CameraLK
- Company type: Private
- Industry: Retailing
- Founded: 2010; 16 years ago
- Founder: Anushka Gunasinghe
- Headquarters: No. 623, Highlevel Road, Colombo
- Area served: Sri Lanka
- Key people: Anushka Gunasinghe (Founder & Managing Director); Noeline Pereira Gunasinghe (Directress);
- Number of employees: 63+
- Website: cameralk.com

= CameraLK =

Sri Lankan technological company

CameraLK is a Sri Lankan retailing company which focuses on photography, electronic devices, digital cameras, and entertainment. The company was founded in 2010 by Anushka Gunasinghe as a small home business. The brand has distributed well over 35 branches island-wide and is now one of the largest independent retailers of photographic and digital equipment in Sri Lanka.

==History==
CameraLK was founded in 2010 by Gunasinghe, who dropped out of his higher studies from an IT education institution. Later in 2011 at the age of 23, he founded the brand CameraLK as a small-scale home business. Initially, he started to sell cameras through pre-orders. After promotions through social media and online marketing platforms, the company became more well-known. Together with his wife, and within two years of its inception, the company grew considerably in the Sri Lankan camera market.

===Expansion===
During the first five-year period from 2011 to 2015, CameraLK showed a gradual rise in the economy and an increase in traveling leisure activities. The photography market boom coincided with a sudden flourish in the tourism industry after the end of the 30-year war in Sri Lanka. During the period, CameraLK achieved a 100% sales profit.

In late 2011, when cameras became a tax-free commodity, the company expanded itself. The company captured 65-70% of the total market share. During this period, CameraLK launched its sales campaign through its official website and recorded an annual growth of around 10-15%.

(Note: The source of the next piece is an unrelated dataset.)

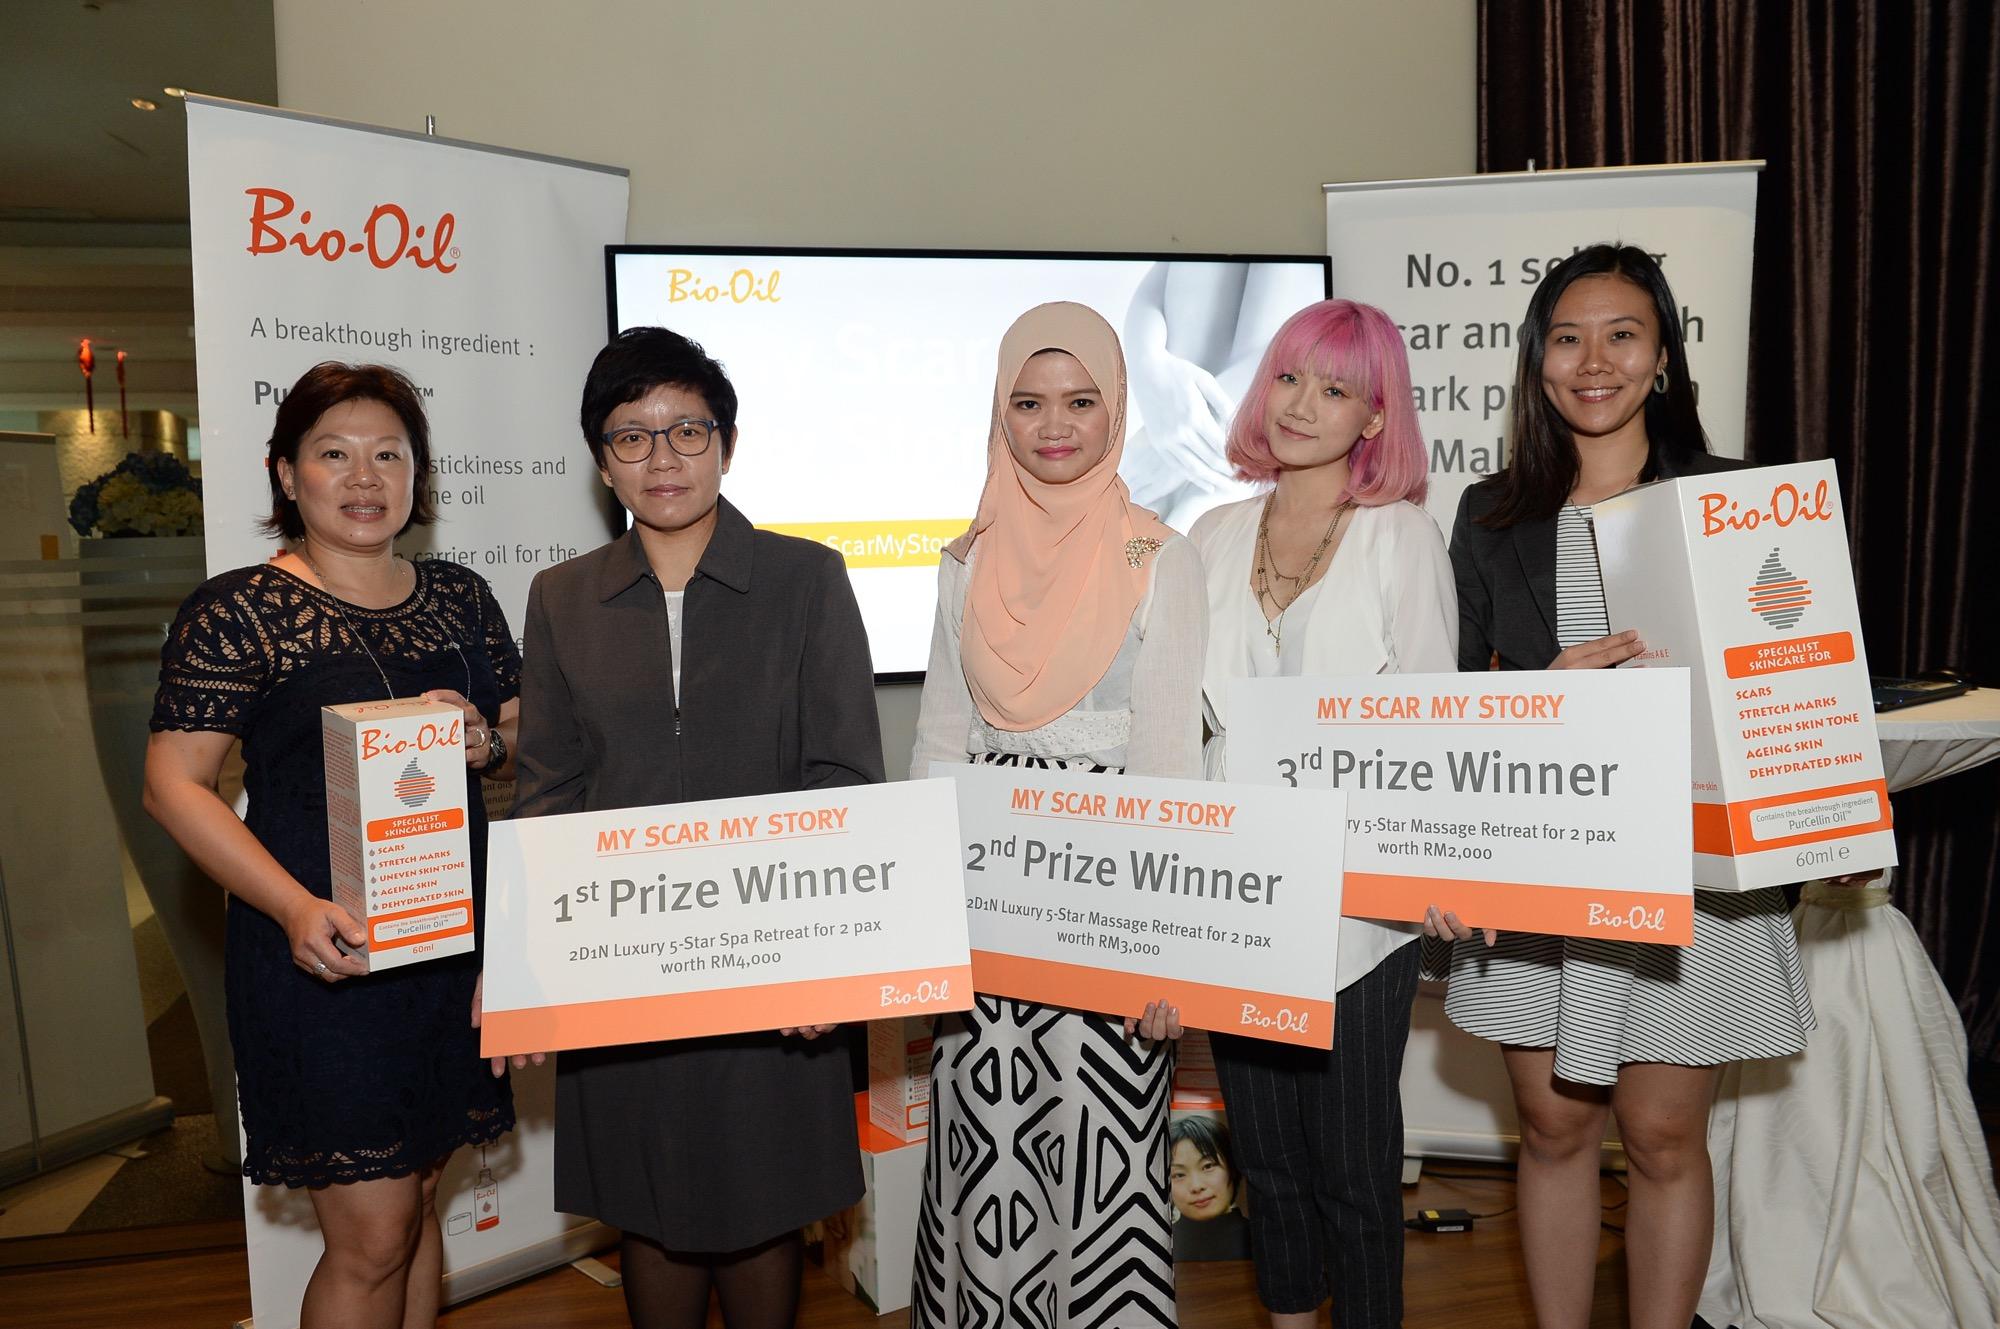 L to R- Low Hooi Wan, Caroline Yap, Hajarul Falenna, Arisa Chow, Stephanie Ng

In 2014, Gunasinghe started CameraLK Photography Academy by establishing a service center in Colombo. After the establishment of the main showroom at Colombo 05 in 2015, CameraLK has constantly made donations and have been involved in annual CSR projects. In 2015, the company initiated CameraLK Annual Award Ceremony. On 8 July 2016, CameraLK hosted its second consecutive “CameraLK Awards Ceremony" at the BMICH. In 2016 CameraLK was involved in the launch of Sonys new Extra Bass headphones. Later in August 2017, CameraLK provided a special buy-back offer to buy a new Sony Camera with a discount offer for used cameras. Also in 2017, CameraLK announced the collaboration with Sony International (Singapore) Ltd. and the opening of their joint digital imaging showroom.

In January 2018, under the 'CameraLK Community Care' program, Camera LK decided to build a house for the wife and three-year-old child of the young man who was unfortunately shot dead by the police in Kataragama. In collaboration with the Sri Lanka Police, the foundation stone was laid on 25 January 2018 to begin work on the house whereas CameraLK offered to pay for the child's education up to high school. In 2018, CameraLK organized "Image Expo-2018" which is the largest photography equipment festival in Sri Lanka. The exhibition held on 5 to 7 October 2018 from 9.30 am to 7.30 pm at the “Mihilaka Madura” of the BMICH.

At the end of 2019, the company had established five showrooms in Kandy and Colombo and increased its staff capacity to 63 employees. In October 2019, The fifth CameraLK Award Ceremony 2019 was held at the ICBT Campus Auditorium. During the ceremony, the company distributed basic and advanced photography course certificates and faculty awards. In April 2020, CameraLK presented drone cameras to the Commander of the Army, Lieutenant General Shavendra Silva at the Army Headquarters in Akuregoda for use by the Sri Lanka Army to monitor COVID-19 lockdown areas.